“You drive south of Auckland and see new subdivisions. New roads, schools, and supermarkets are built, but you don’t see any new hospitals. Even if you did, there’s not enough staff to fill and service them.” Stories of staff shortages, poor pay, and burnout are across the board for this country’s midwives. Is the system too broken to fix?
“Midwifery’s been around forever and will continue to be, but it’s tiring having to forever go up against the ‘proverbial’ man,” says Mandy*, who loves the idea of being in a profession that’s deeply rooted in feminism.
The profession was first regulated at the turn of the 20th century by virtue of the Midwives Act 1904. Then, as disease control entered the public consciousness and obstetrics developed as a profession in the 1920s, births started to migrate from homes to hospitals. Midwifery became autonomous from nursing under the Nurses Amendment Act 1990, which followed the 1988 Cartwright Inquiry into the inadequate treatment of cervical cancer patients at National Women’s Hospital.
Working as an LMC midwife
As a Lead Maternity Care (LMC) midwife, Mandy is independent, self-employed, and paid differently to “core” midwives who work in hospitals and primary care birthing units.
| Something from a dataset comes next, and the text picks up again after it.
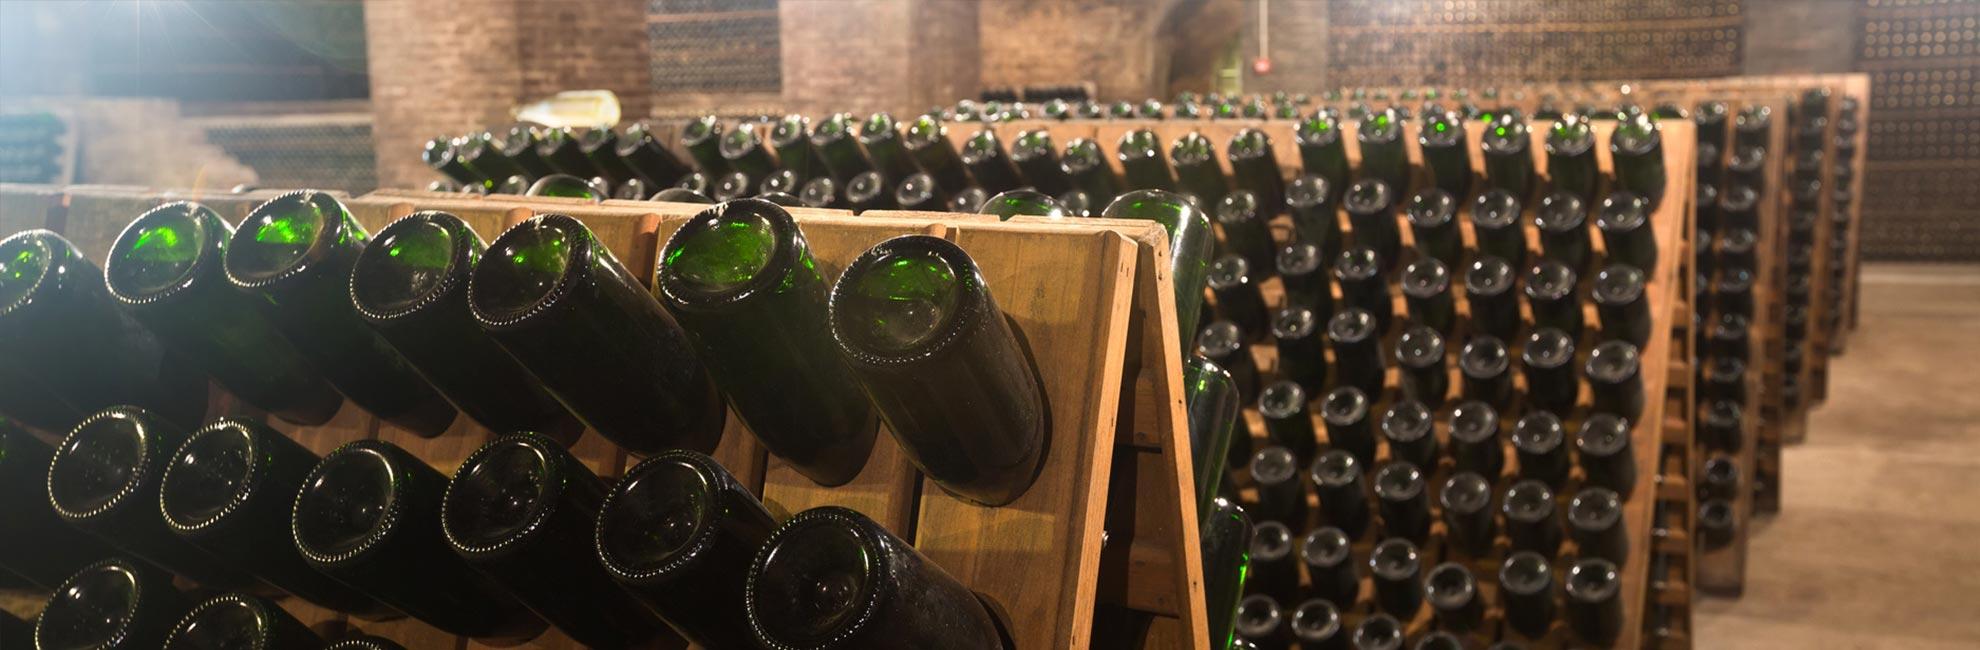 botellas-bodega-vino

Core midwives work rostered shifts to provide 24-hour care while women are inpatients, whereas LMC midwives are on call throughout the entire pregnancy, birthing, and post-natal process.
Mandy is part of a practice in which each midwife maintains their own caseload, consisting of 30-40 clients a year. When not providing labour and birth care, she is running her antenatal clinics, referring clients for scans and bloods, prescribing various medications, consulting with other health services (social workers, mental health teams, obstetricians, paediatricians, and GPs, for example), and visiting women at home with their new babies.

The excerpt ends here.